##### LISTED ENTRIES #####
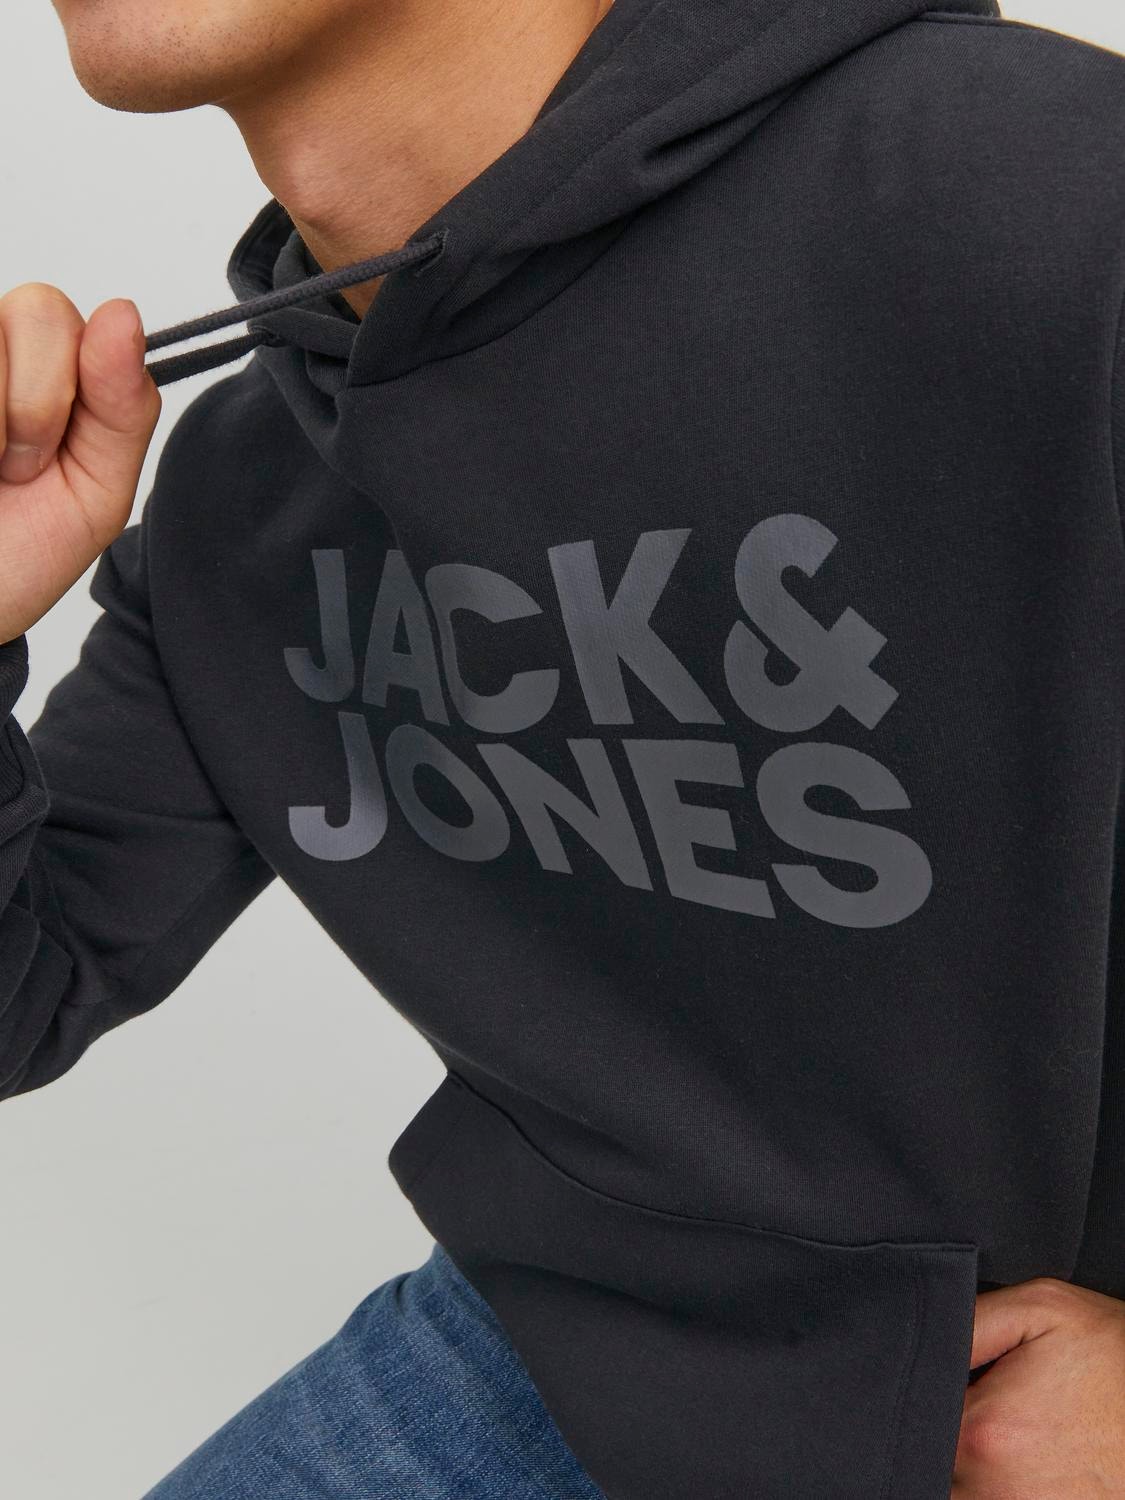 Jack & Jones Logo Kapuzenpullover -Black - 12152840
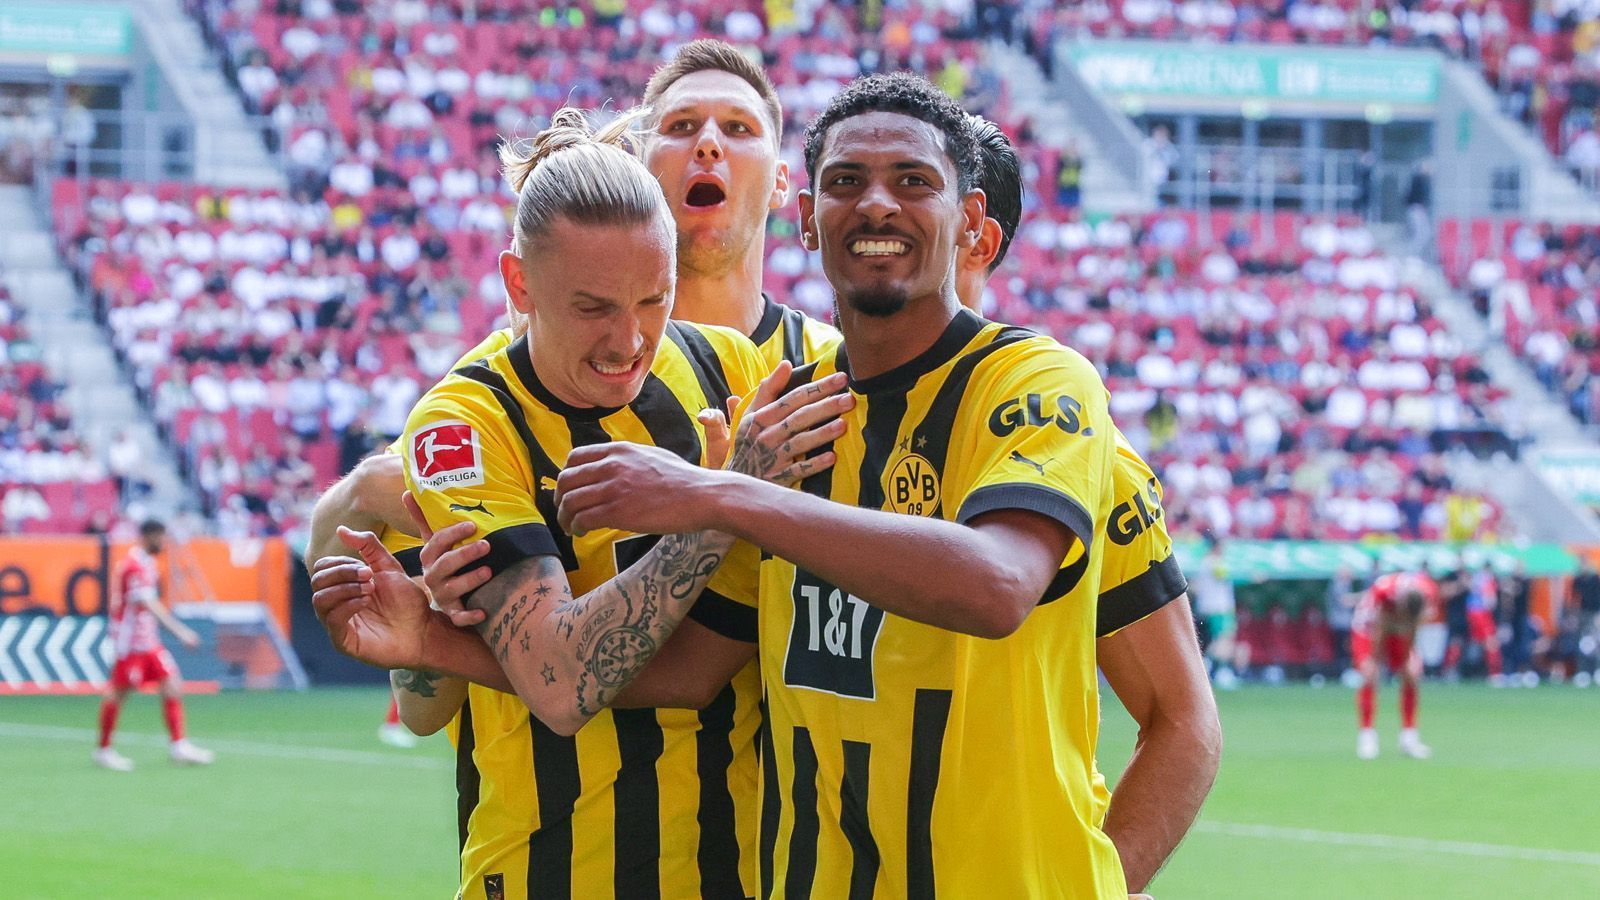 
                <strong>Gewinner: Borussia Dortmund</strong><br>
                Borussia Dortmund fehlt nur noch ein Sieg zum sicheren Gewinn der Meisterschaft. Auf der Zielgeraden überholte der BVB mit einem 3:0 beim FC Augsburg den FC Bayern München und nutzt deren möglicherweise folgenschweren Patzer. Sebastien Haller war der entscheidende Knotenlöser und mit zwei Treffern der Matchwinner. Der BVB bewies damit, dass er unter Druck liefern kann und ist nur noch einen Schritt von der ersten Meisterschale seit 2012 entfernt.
#####
##### LISTED ENTRIES #####
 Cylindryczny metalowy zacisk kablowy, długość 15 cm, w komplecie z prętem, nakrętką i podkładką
#####
##### LISTED ENTRIES #####
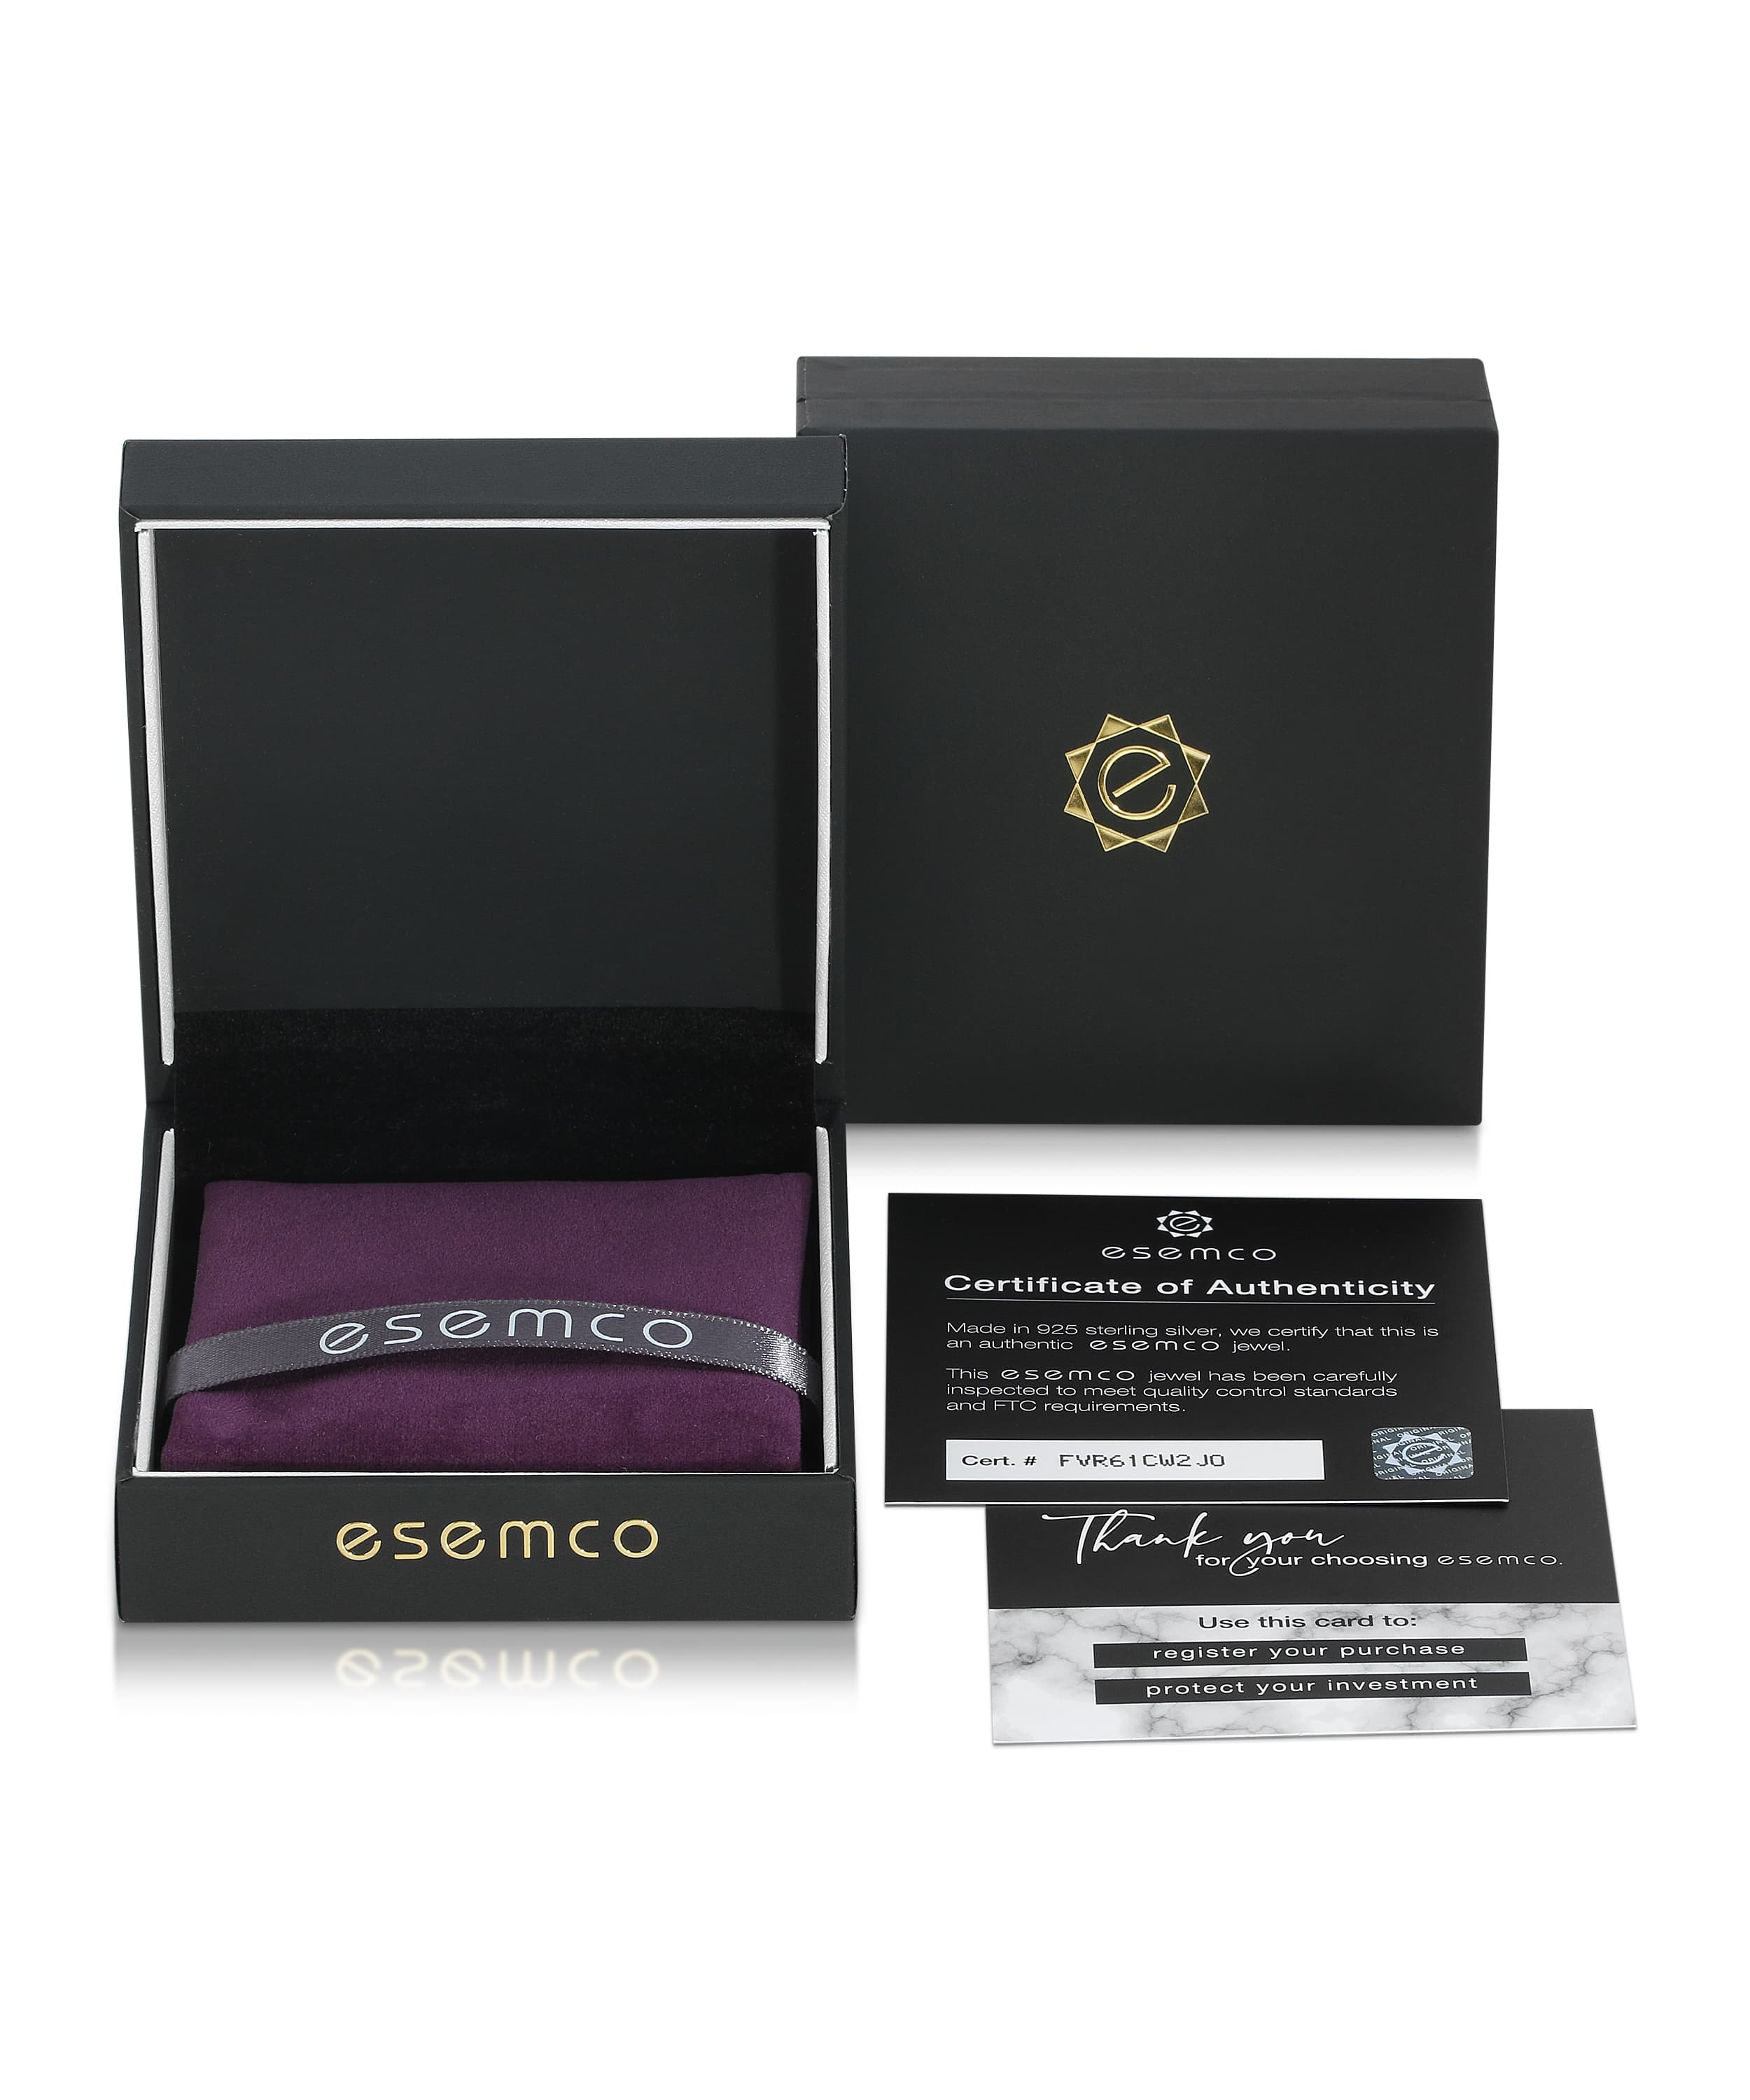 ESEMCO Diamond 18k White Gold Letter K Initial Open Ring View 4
#####
### TASK TO COMPLETE
The expected answer is an exact copy of the lines above, beginning at the line with "<strong>Gewinner: Borussia Dortmund</strong><br>" and ending at the line with "Borussia Dortmund fehlt", with both ends in.

### ANSWER SECTION
                <strong>Gewinner: Borussia Dortmund</strong><br>
                Borussia Dortmund fehlt nur noch ein Sieg zum sicheren Gewinn der Meisterschaft. Auf der Zielgeraden überholte der BVB mit einem 3:0 beim FC Augsburg den FC Bayern München und nutzt deren möglicherweise folgenschweren Patzer. Sebastien Haller war der entscheidende Knotenlöser und mit zwei Treffern der Matchwinner. Der BVB bewies damit, dass er unter Druck liefern kann und ist nur noch einen Schritt von der ersten Meisterschale seit 2012 entfernt.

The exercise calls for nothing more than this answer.